Given information:
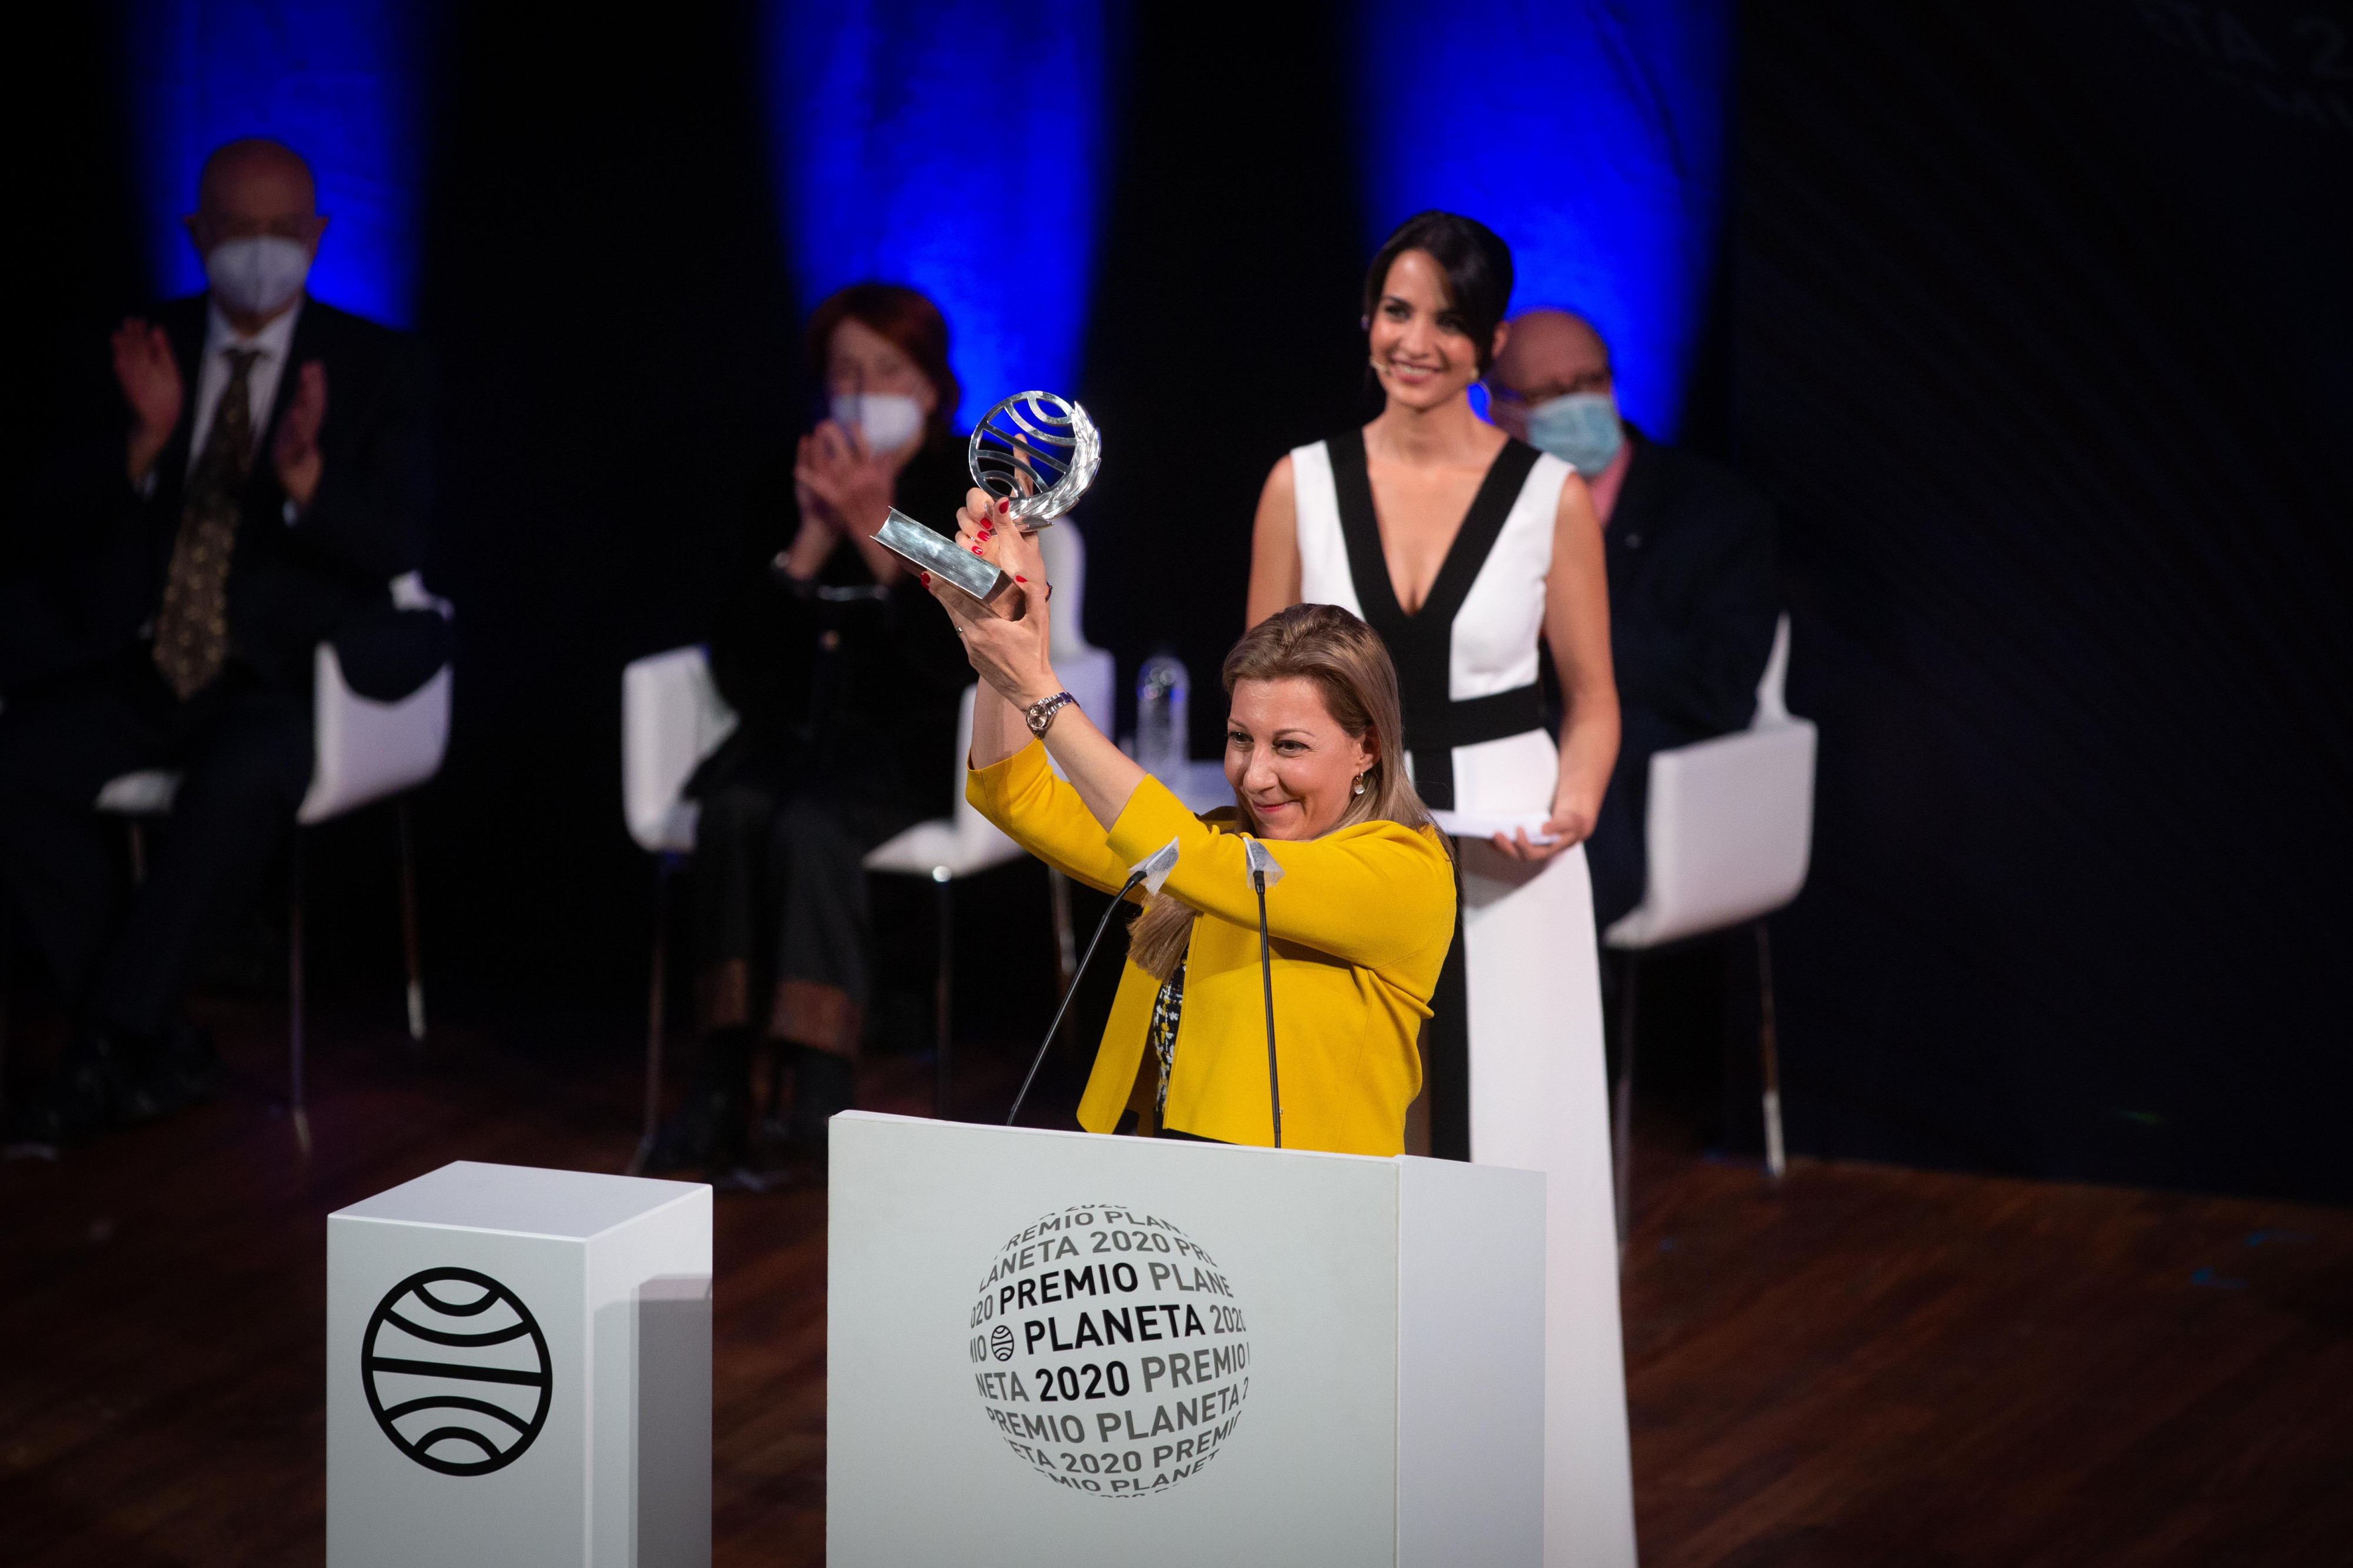 La escritora Eva García Sáenz de Urturi sostiene el Premio Planeta / EP
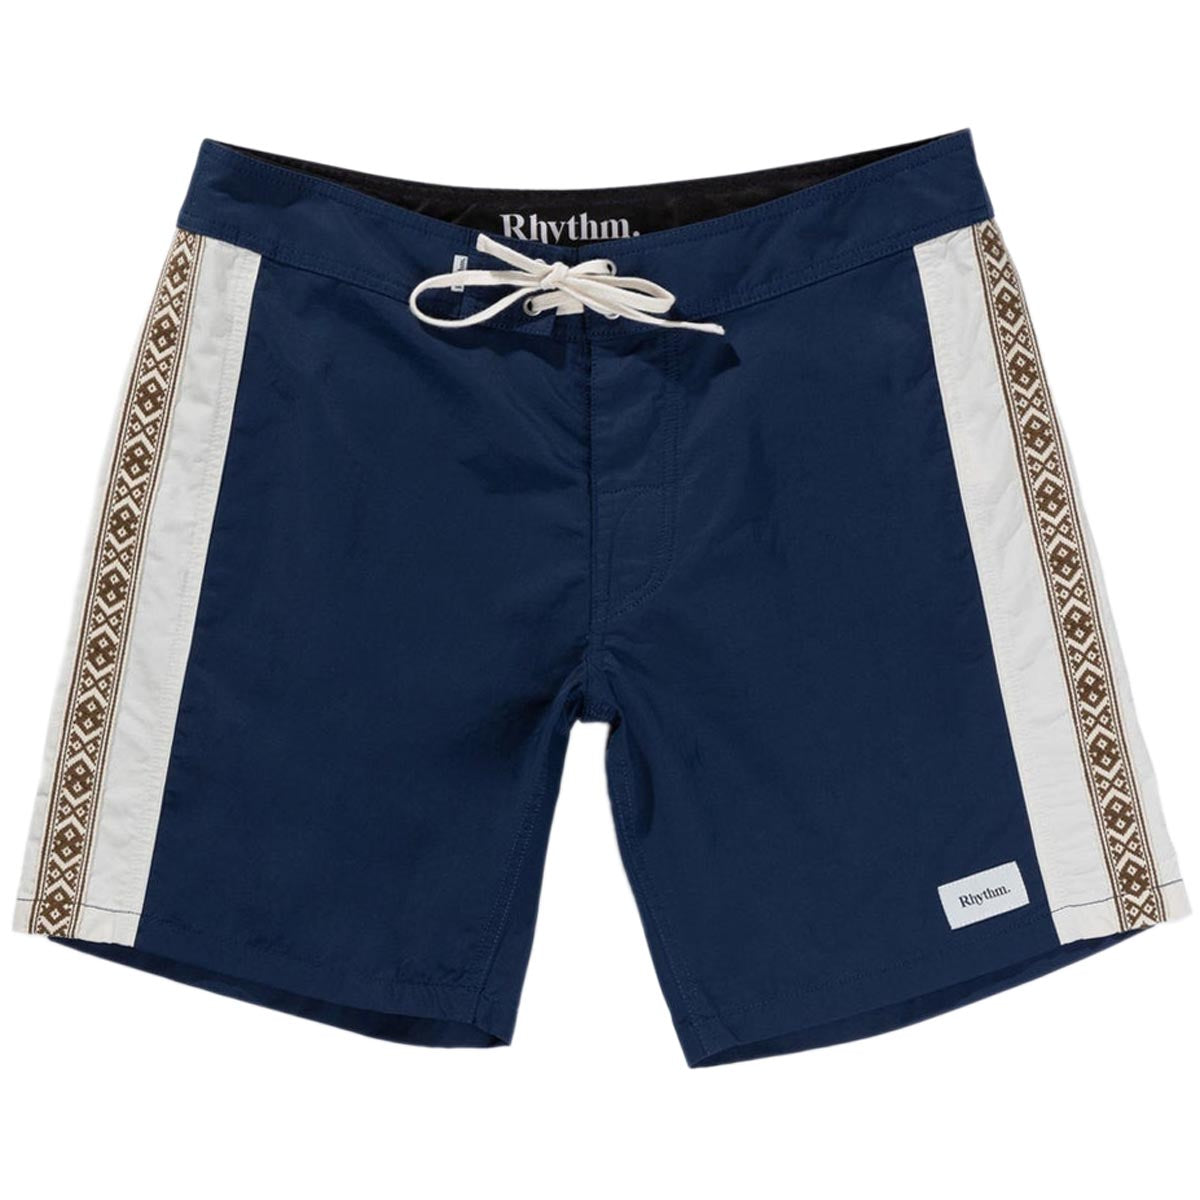 Rhythm Heritage Stripe Shorts - Navy image 1
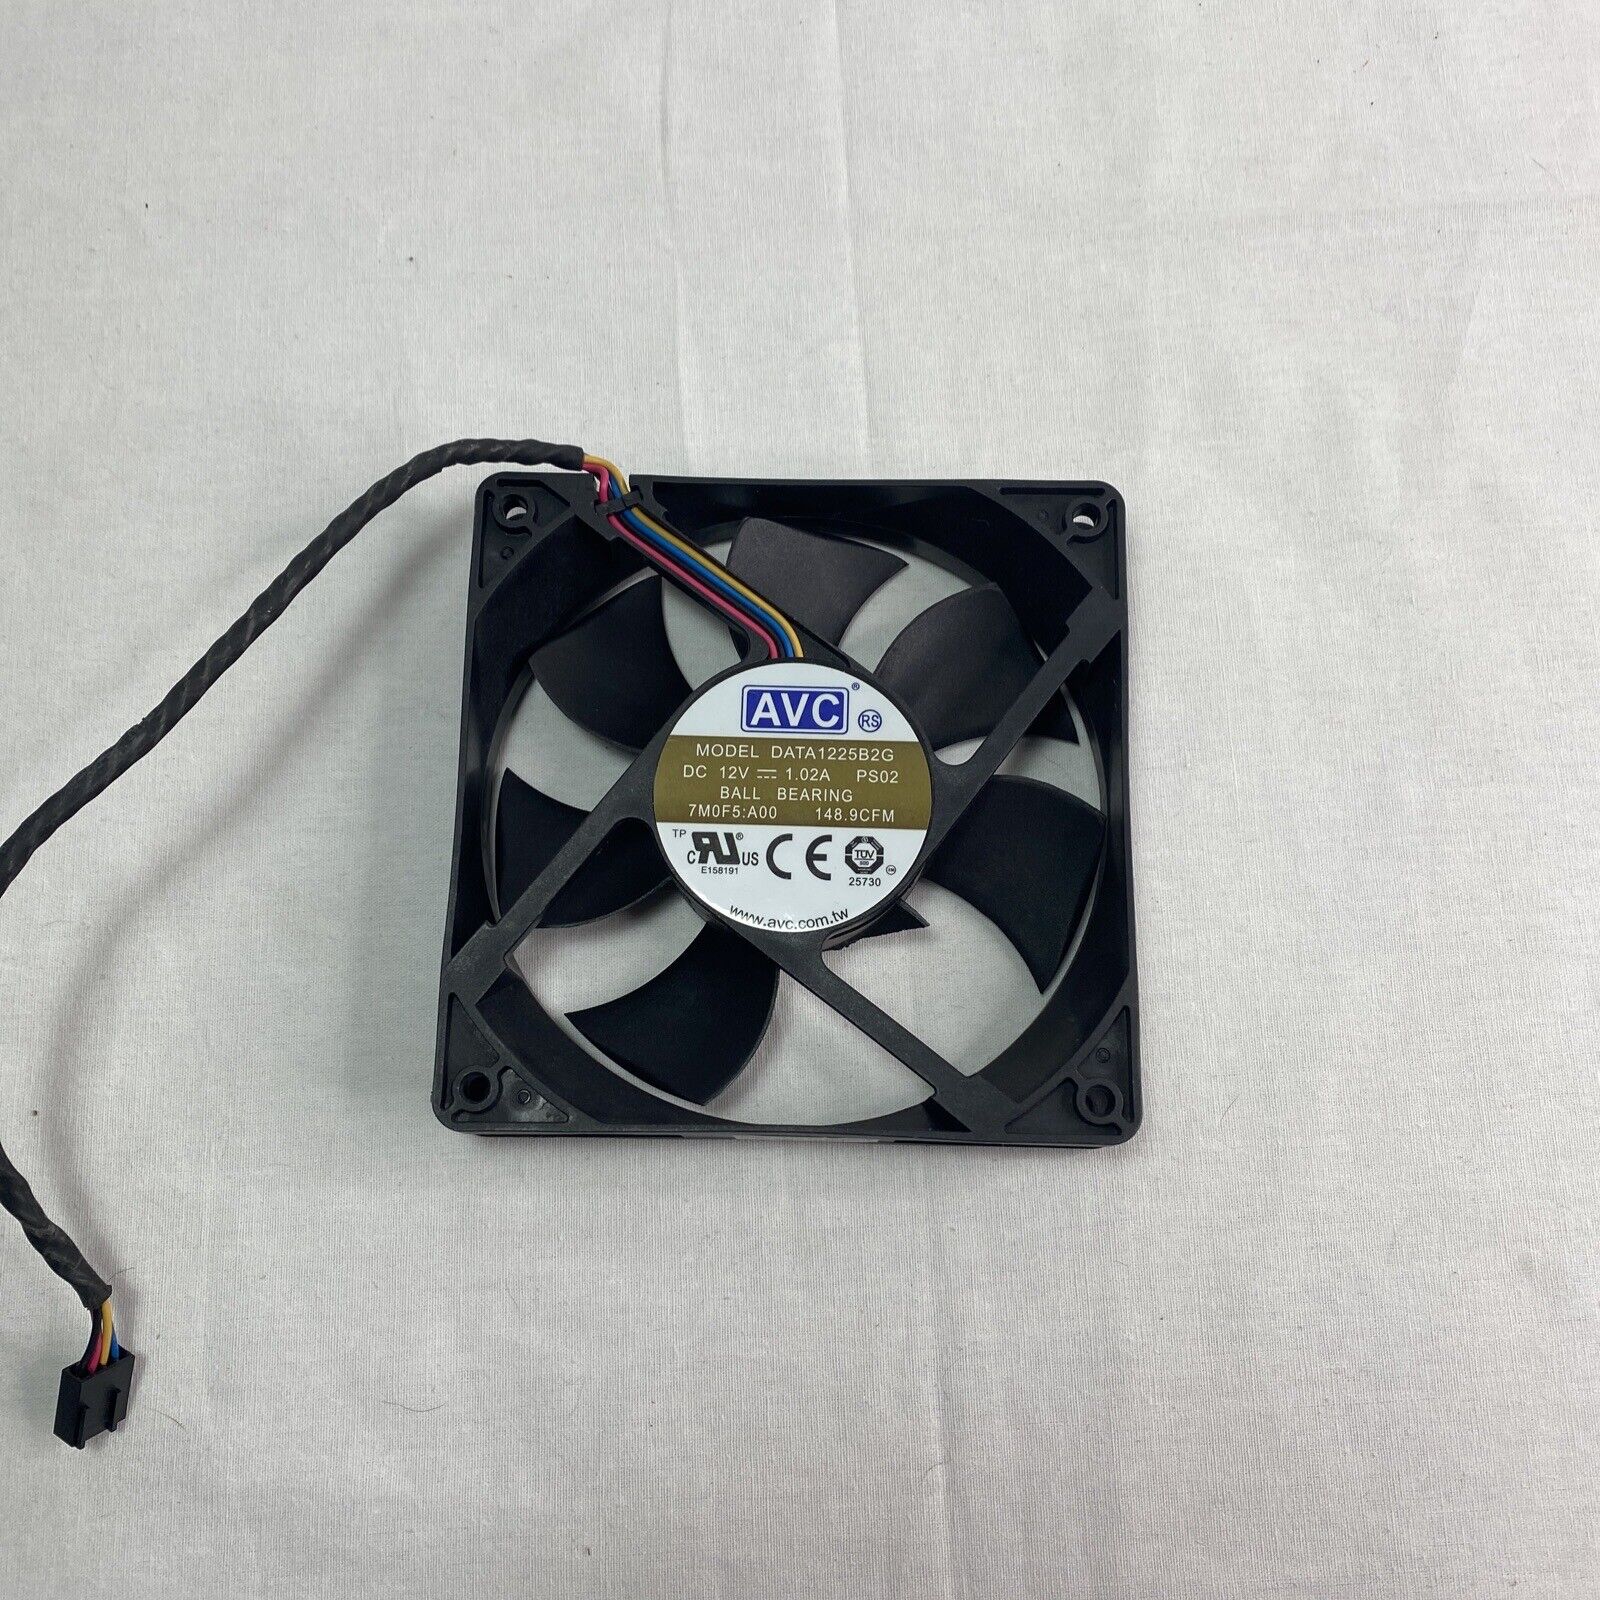 AVC DATA1225B2G 12V 120mm 4-pin PWM Fan - Server PC Case Cooling Fan 12x12x25 cm

Work to be completed: Find the line that has "Rhythm Heritage Stripe Shorts - Navy image 1" in the listing, then retype it and each later line up to the last, exactly. Leave pictures out.

Output of the exercise:
 Rhythm Heritage Stripe Shorts - Navy image 1
 AVC DATA1225B2G 12V 120mm 4-pin PWM Fan - Server PC Case Cooling Fan 12x12x25 cm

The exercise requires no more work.